**Aim of the task:**
Given the records underneath, please repeat exactly the lines from the line with "Ariat Men's Workhog" through the line with "Картинка с сердечками", passing over any picture.

**Data records:**
- - -

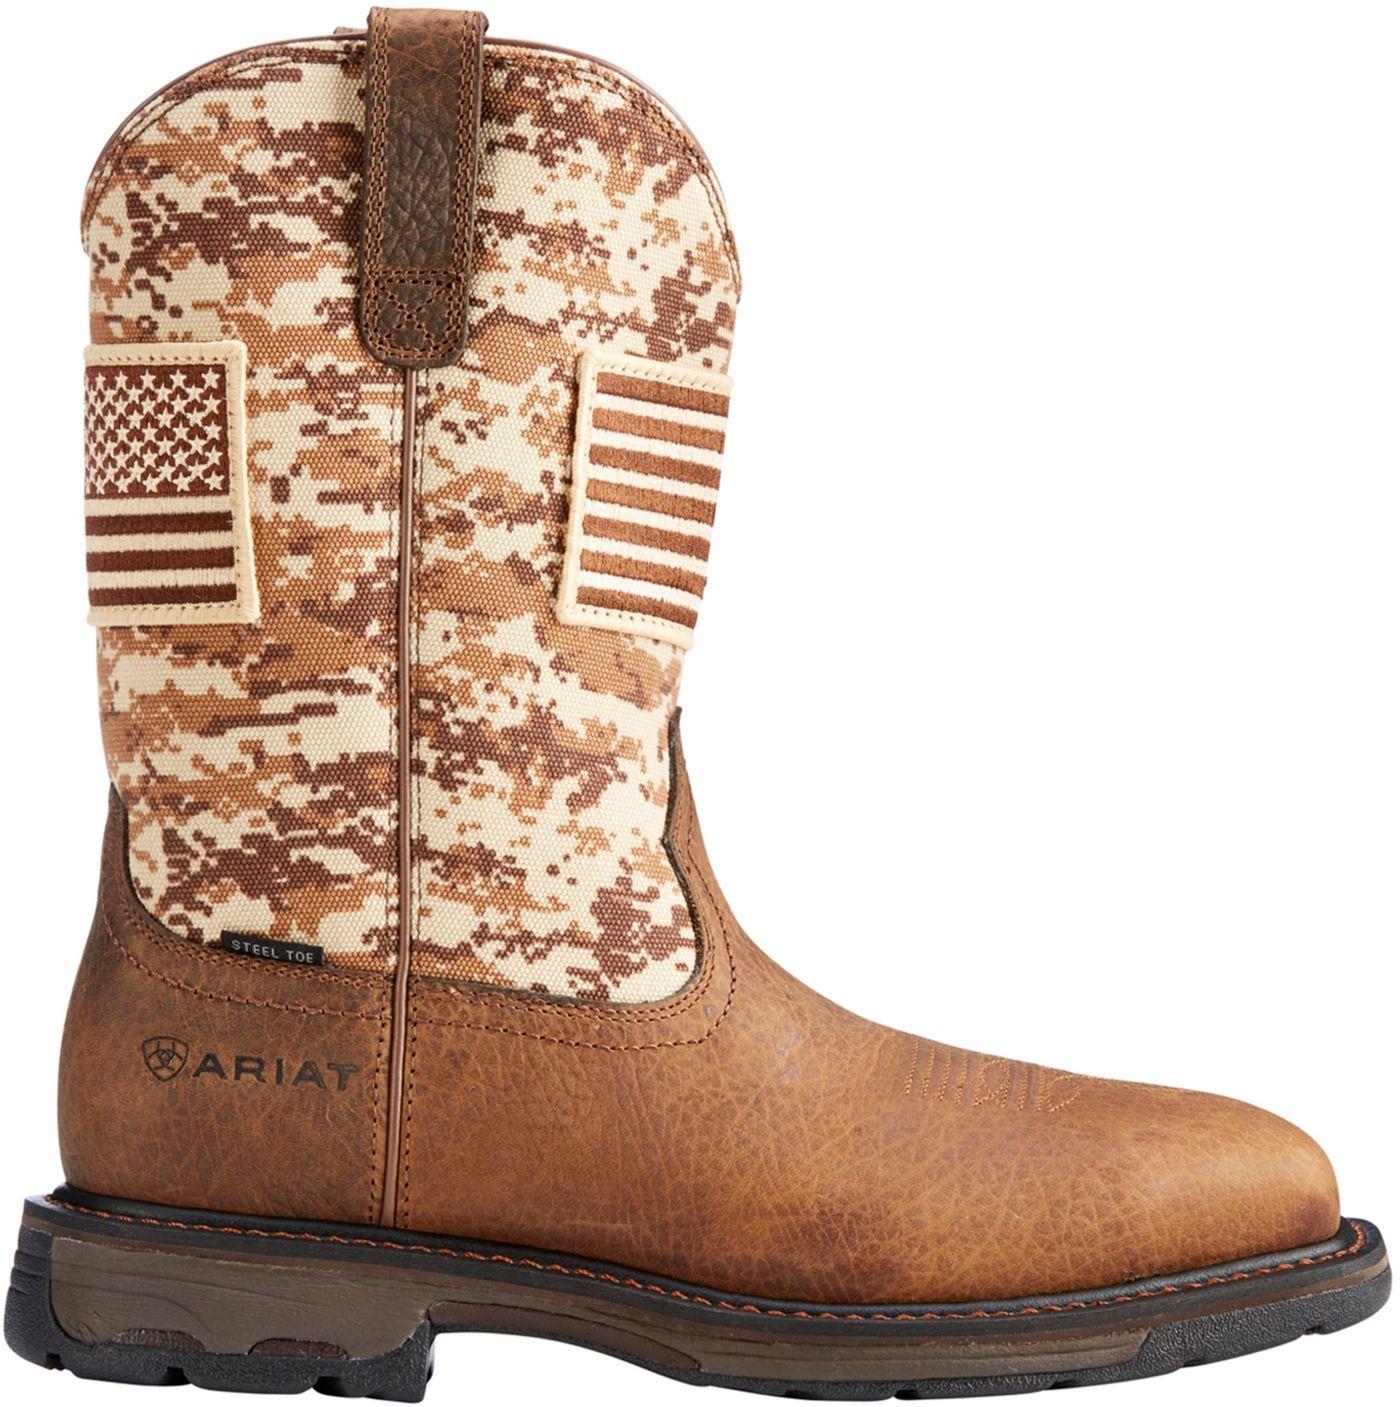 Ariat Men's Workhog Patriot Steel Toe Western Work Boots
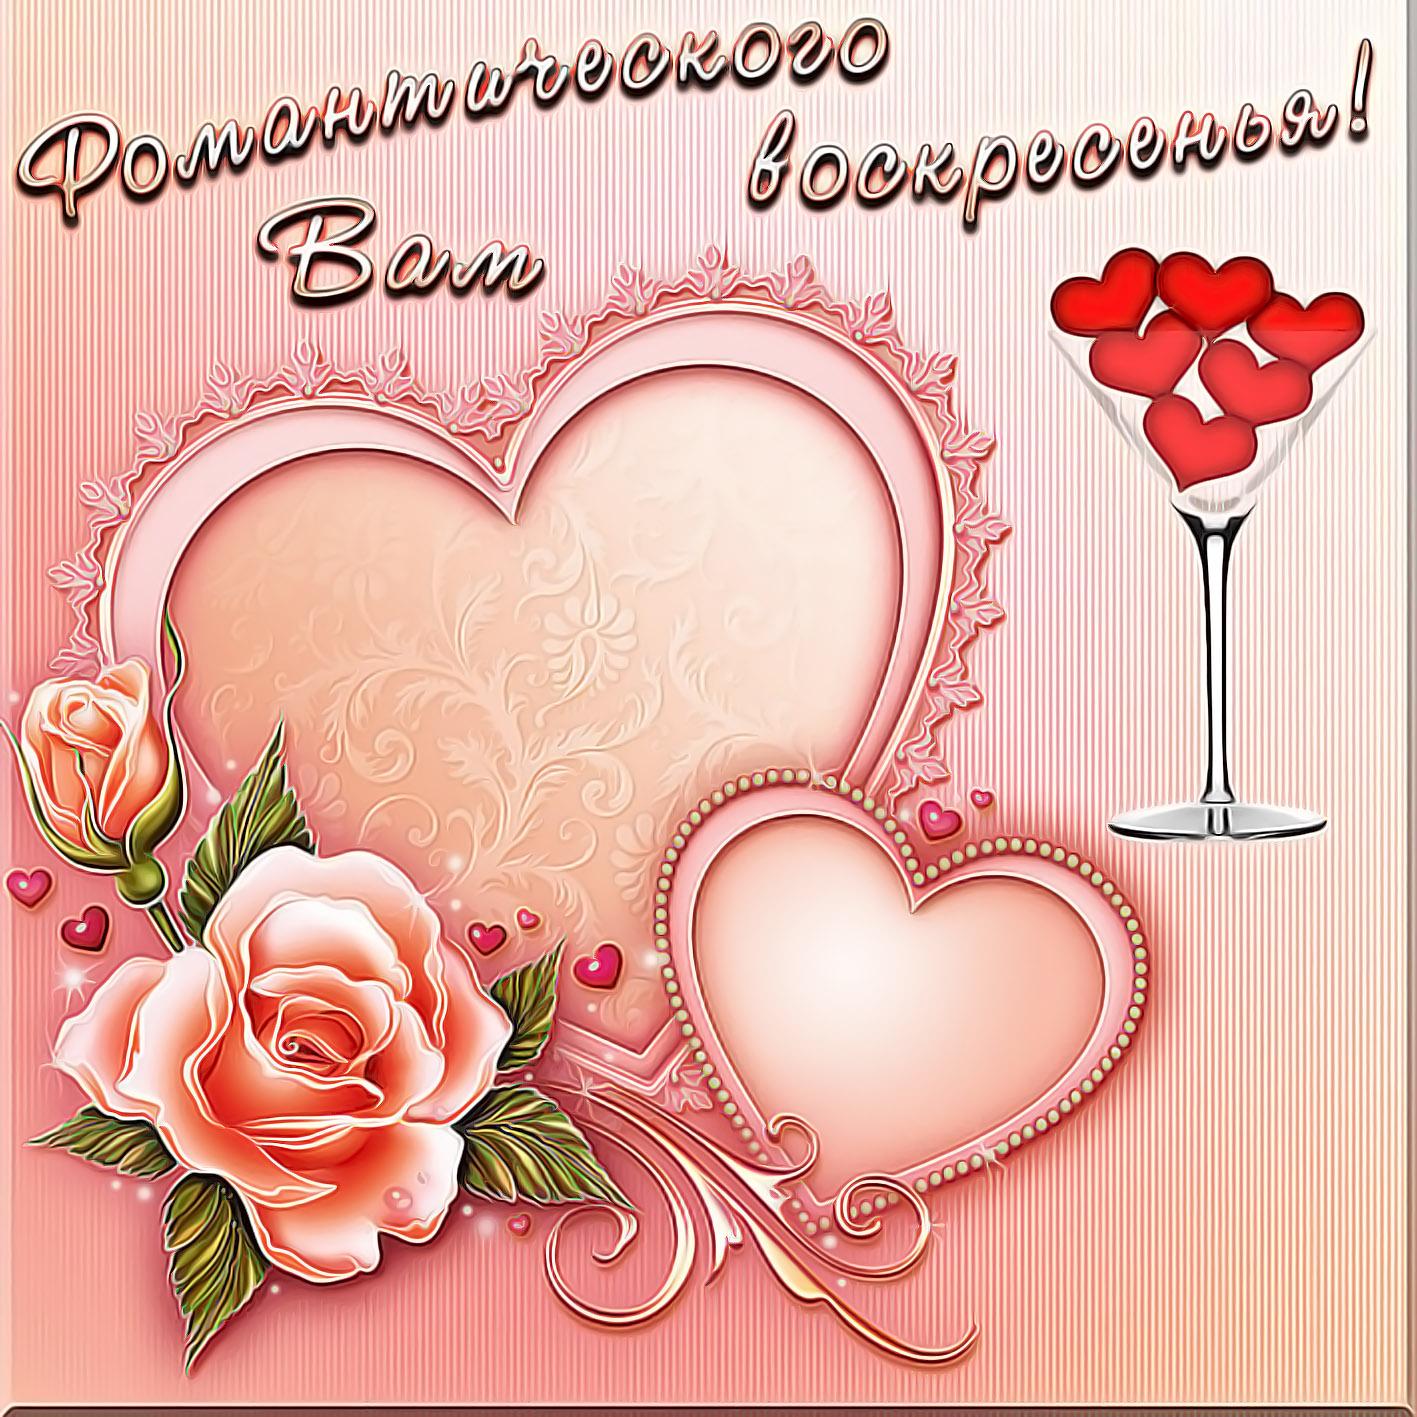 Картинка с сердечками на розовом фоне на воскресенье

- - -

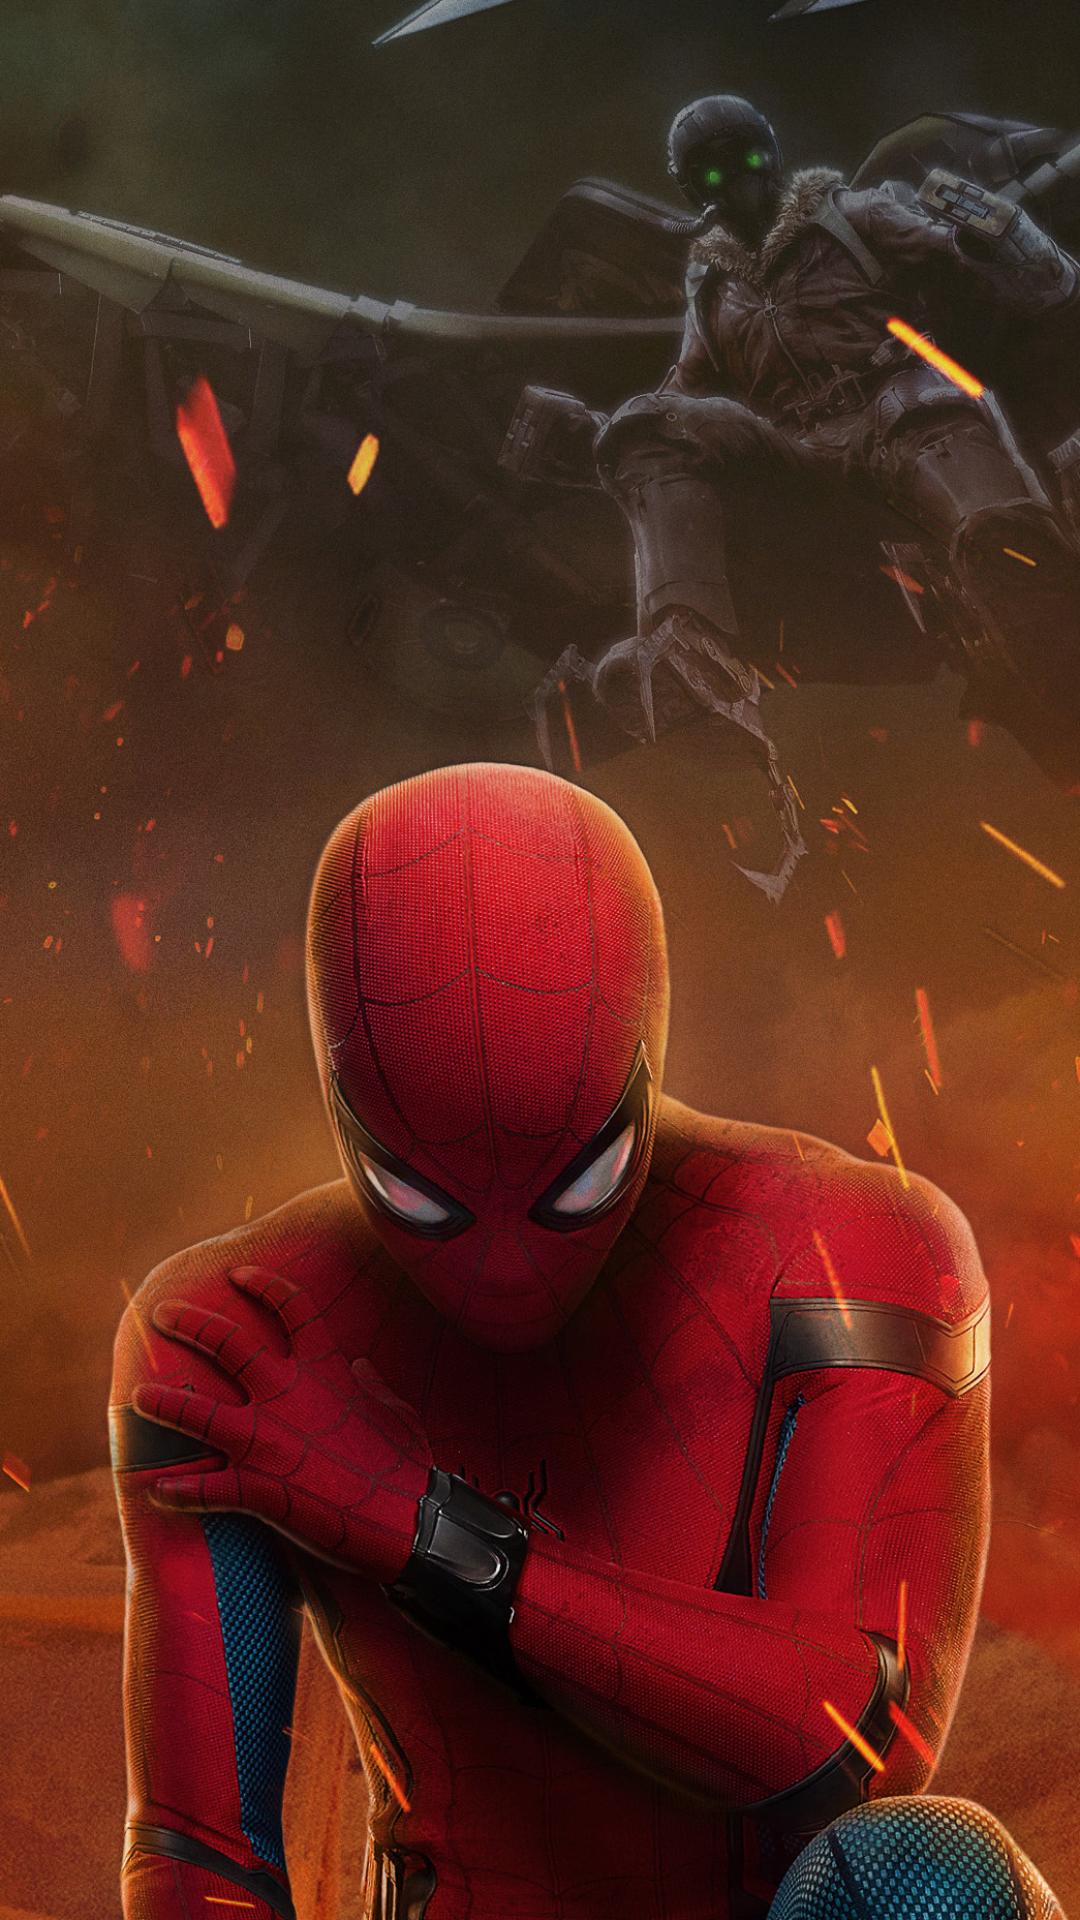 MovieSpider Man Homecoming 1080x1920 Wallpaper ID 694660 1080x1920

- - -

**Output:**
 Ariat Men's Workhog Patriot Steel Toe Western Work Boots
 Картинка с сердечками на розовом фоне на воскресенье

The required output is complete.